Minimally Invasive Therapy & Allied Technologies | 2013
Bruce McLucas
Abstract Objective: This paper seeks to evaluate the ability to conceive and deliver term pregnancies following uterine artery embolization. Methods: We conducted a retrospective chart review of patients under the age of 40 who indicated a desire for fertility prior to embolization. Patients were questioned regarding attempts to conceive, subsequent pregnancies, and outcomes of those pregnancies. Patients who identified fertility as a desired outcome were studied. All patients who conceived were asked about the details of the pregnancy. Results: Forty-four women under the age of 40 embolized between 1996 and 2010 stated a desire for fertility. Twenty-two of these women have reported 28 pregnancies.

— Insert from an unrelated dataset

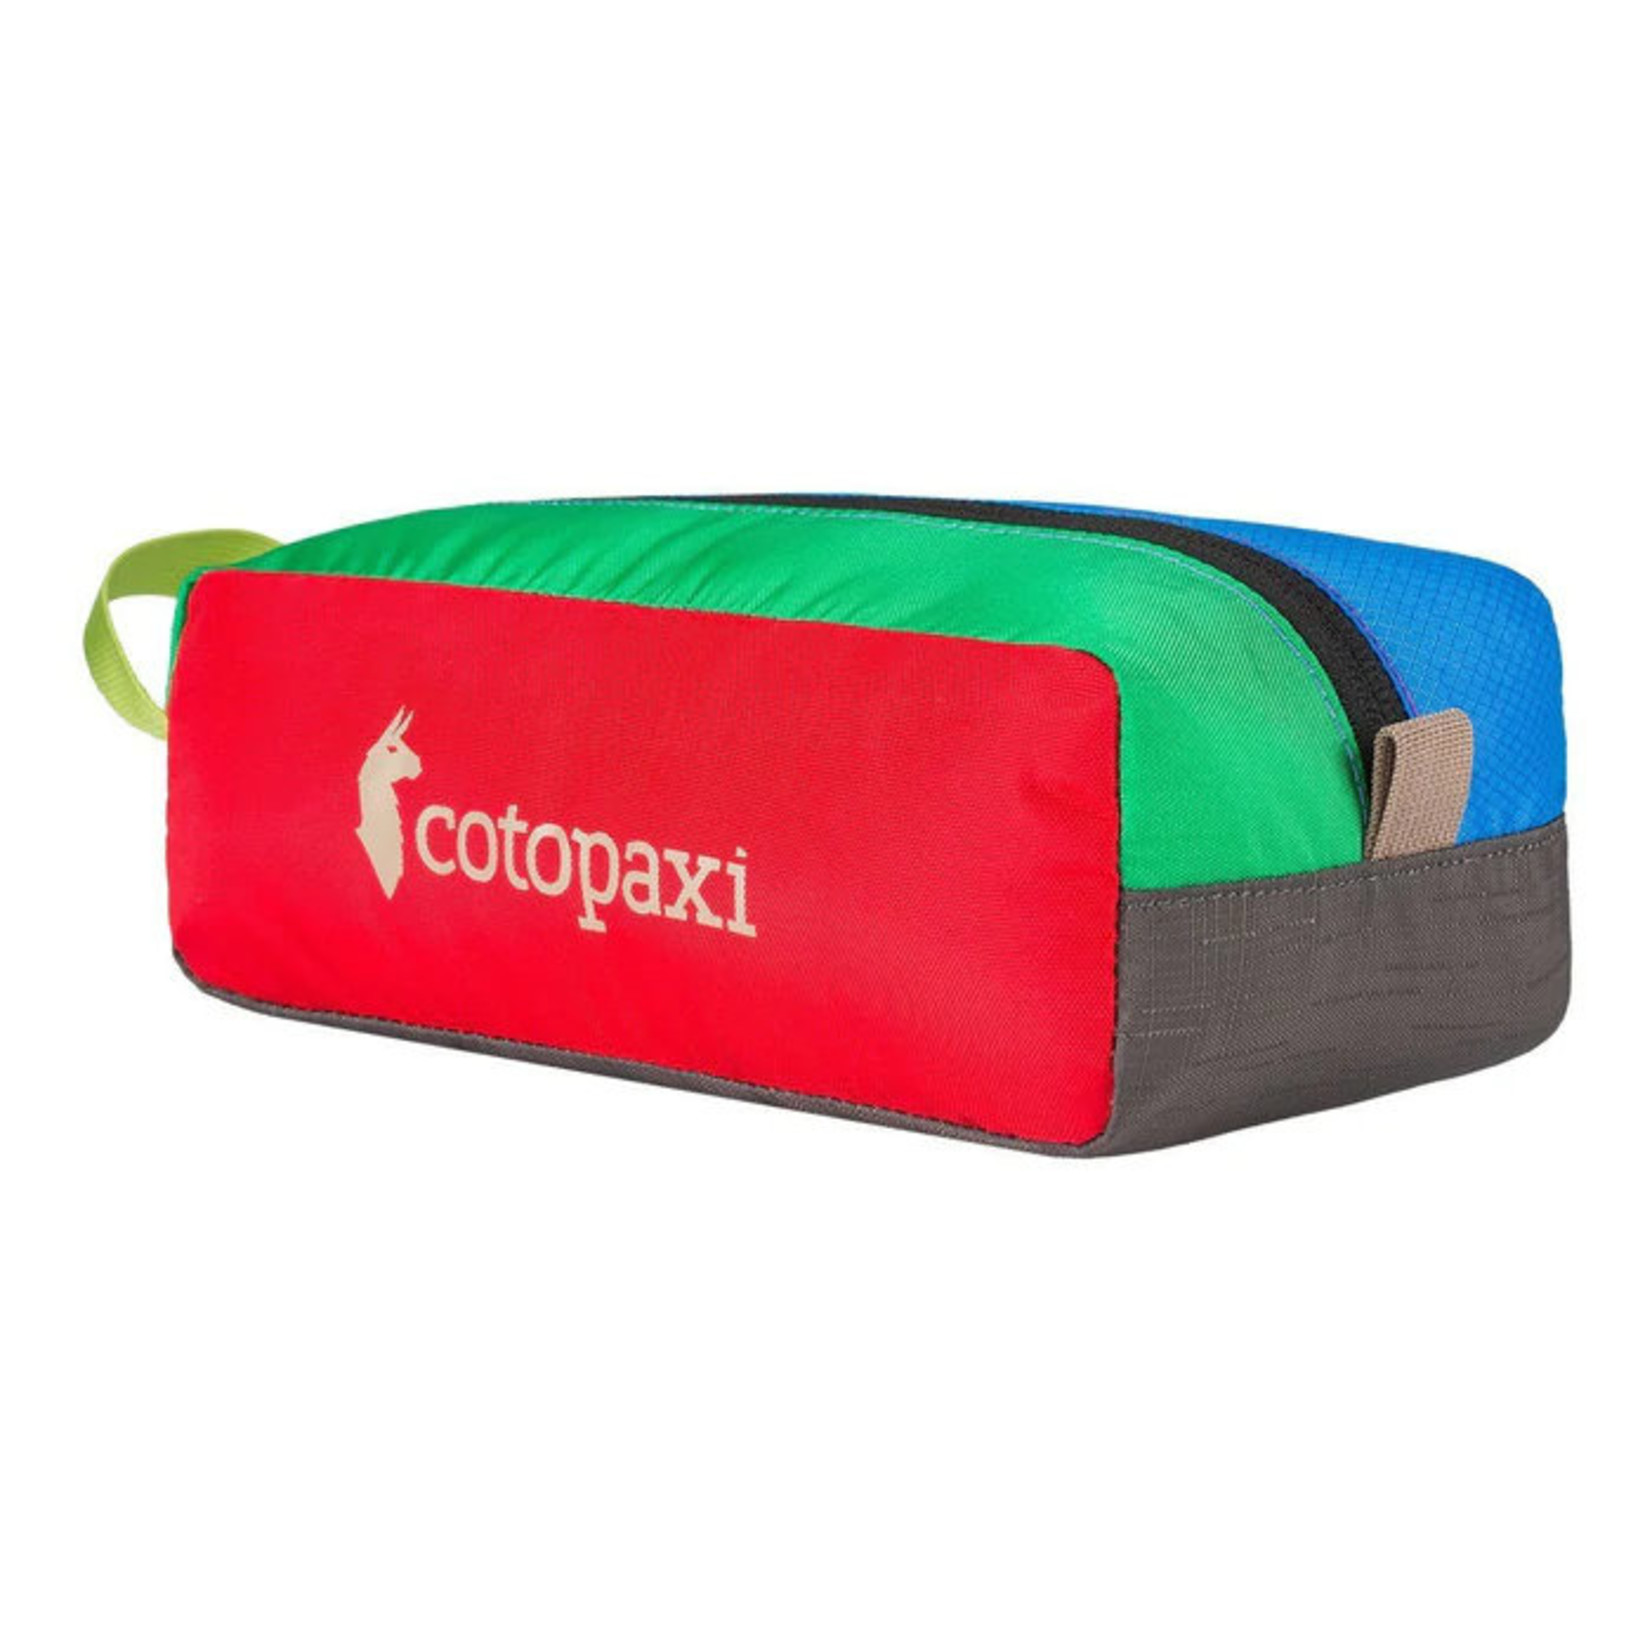 Cotopaxi Cotopaxi Dopp Kit Toiletry Bag - Del Día

Of these pregnancies, 20 live births, three miscarriages, and three instances of premature labor were reported. Seventeen of these pregnancies were delivered by caesarean section and six pregnancies were vaginal deliveries. And one woman is currently pregnant. No perfusion problems, either during pregnancy or labor, were reported. Conclusion: The course of pregnancy and delivery was largely normal after embolization with three cases of premature labor and three miscarriages reported. Forty-eight percent of women who were under 40 and desired pregnancies were able to have successful term pregnancies.